2) L'appartenenza ebraica, tradizionalmente coincide con la circostanza di nascere da madre ebrea. Questa circostanza è quella che dà il volto etnico all'ebraismo, mentre  la possibilità di aderirvi compiendo alcuni riti d'ingresso gli dà il volto religioso. Non tutti in Occidente accettano l'automatismo per cui da una mamma ebrea nascano figli automaticamente ebrei ed infatti è a conoscenza di chi scrive queste righe la situazione (che è situazione vasta) createsi in una specifica famiglia, con marito di origine contessiota, in cui questi cristiano non intese accettare la situazione di quest'automatismo e ne derivò la separazione, con il figlio andato quasi per automatismo alla madre.
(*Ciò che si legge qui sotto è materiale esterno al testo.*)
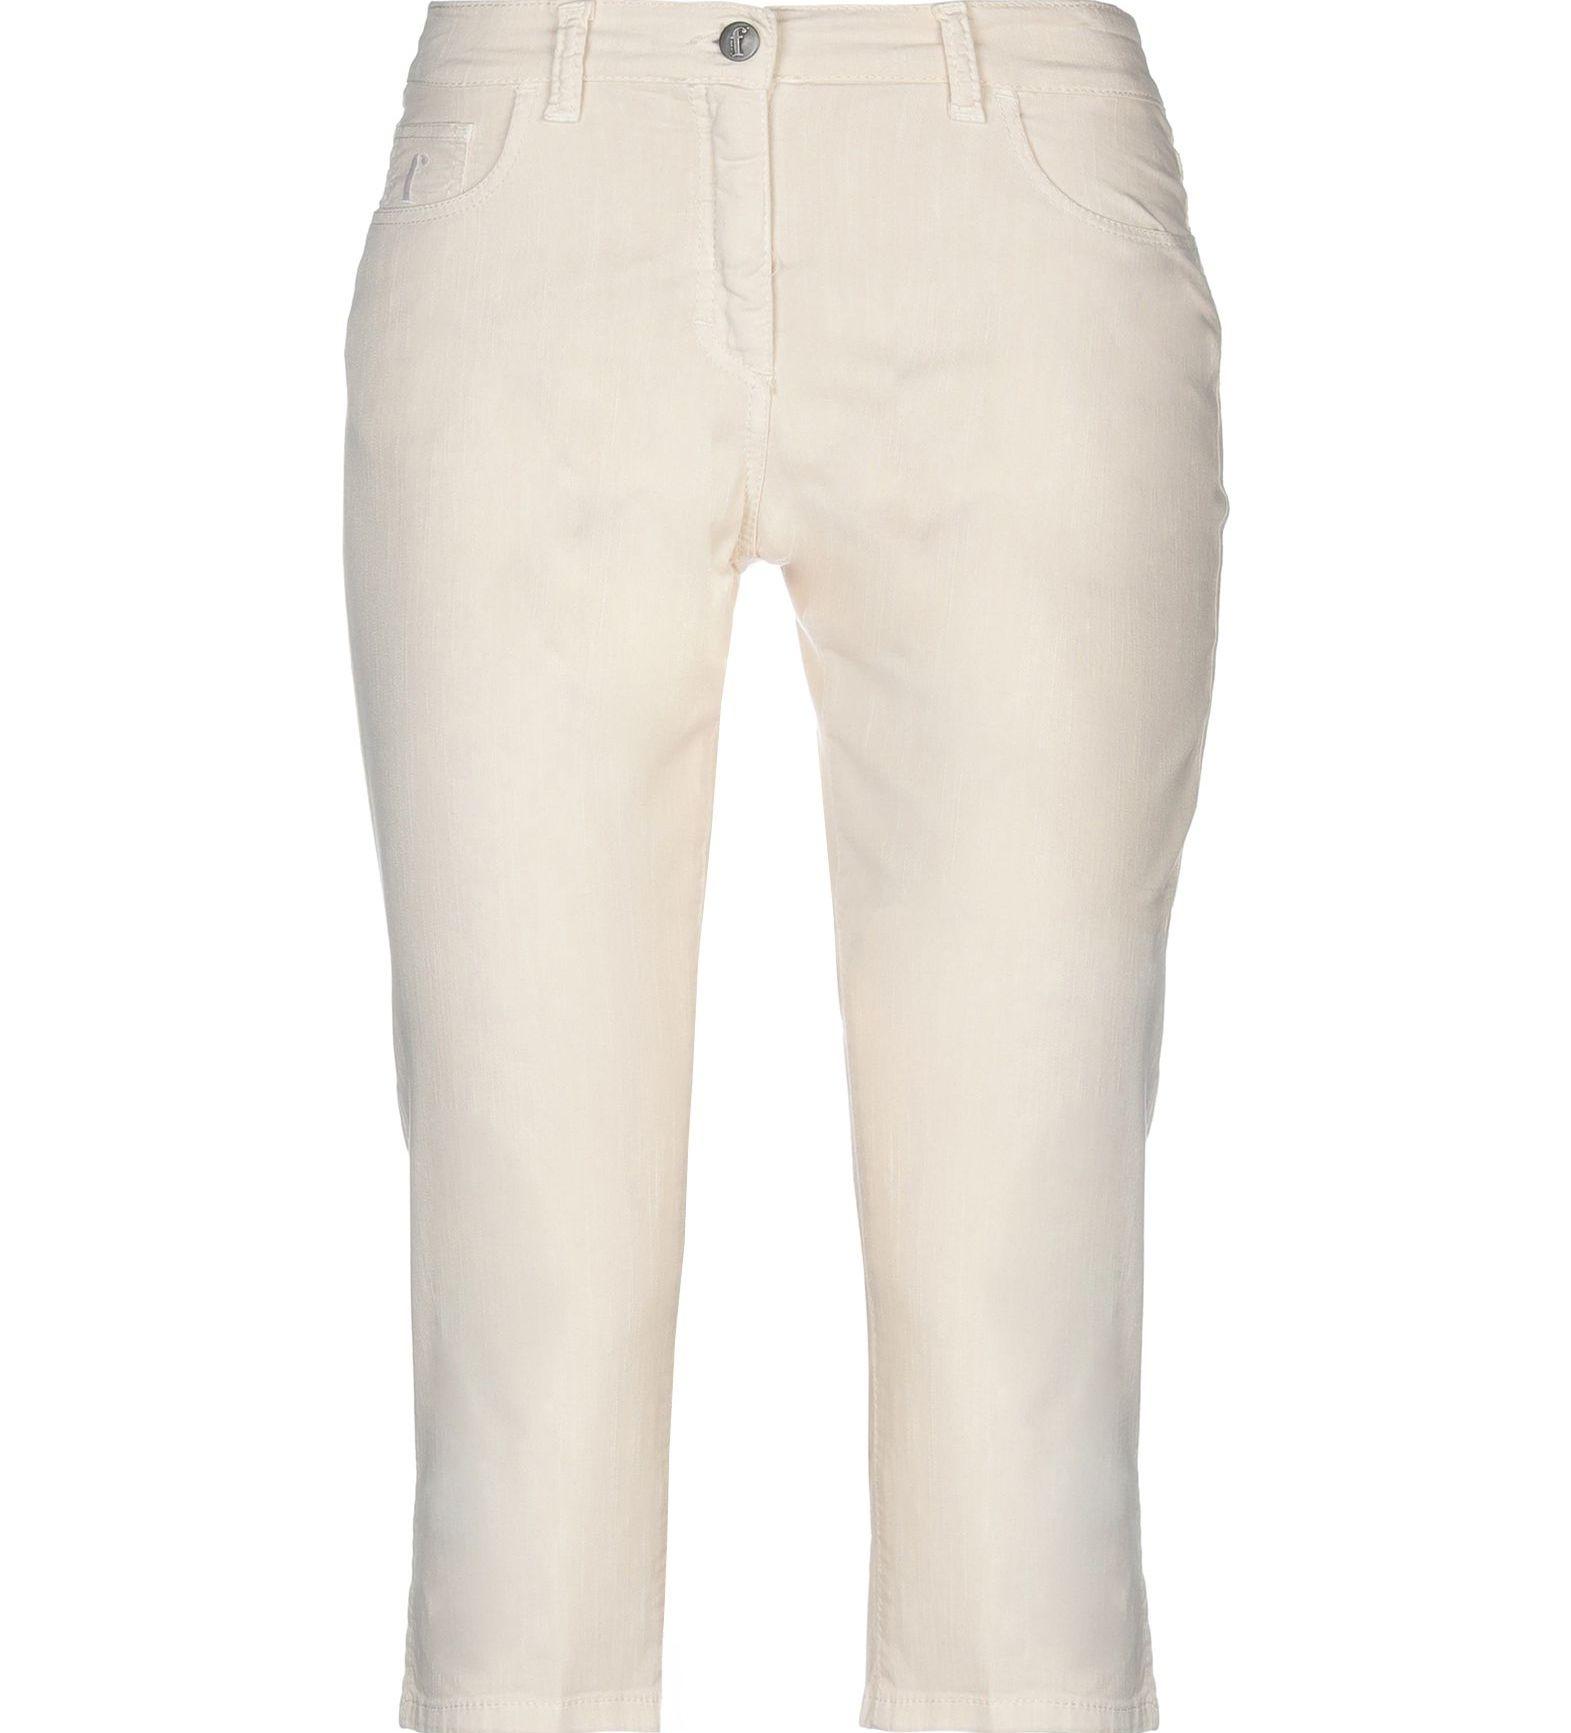 FERRANTE DENIM Denim παντελόνια κάπρι

La fede è imperniata sul Dio uno e sulla rivelazione del Sinai con gli obblighi che ne derivano per Israele, popolo scelto da Dio. Un primo aspetto -che subito si coglie- del popolo israeliano è che esso guarda sempre alle proprie origini, al proprio passato, ed in questo è davvero molto tenace, per la "memoria culturale", sotto altro e diverso aspetto esso guarda e si proietta al futuro in attesa che vengano realizzate le promesse messianiche.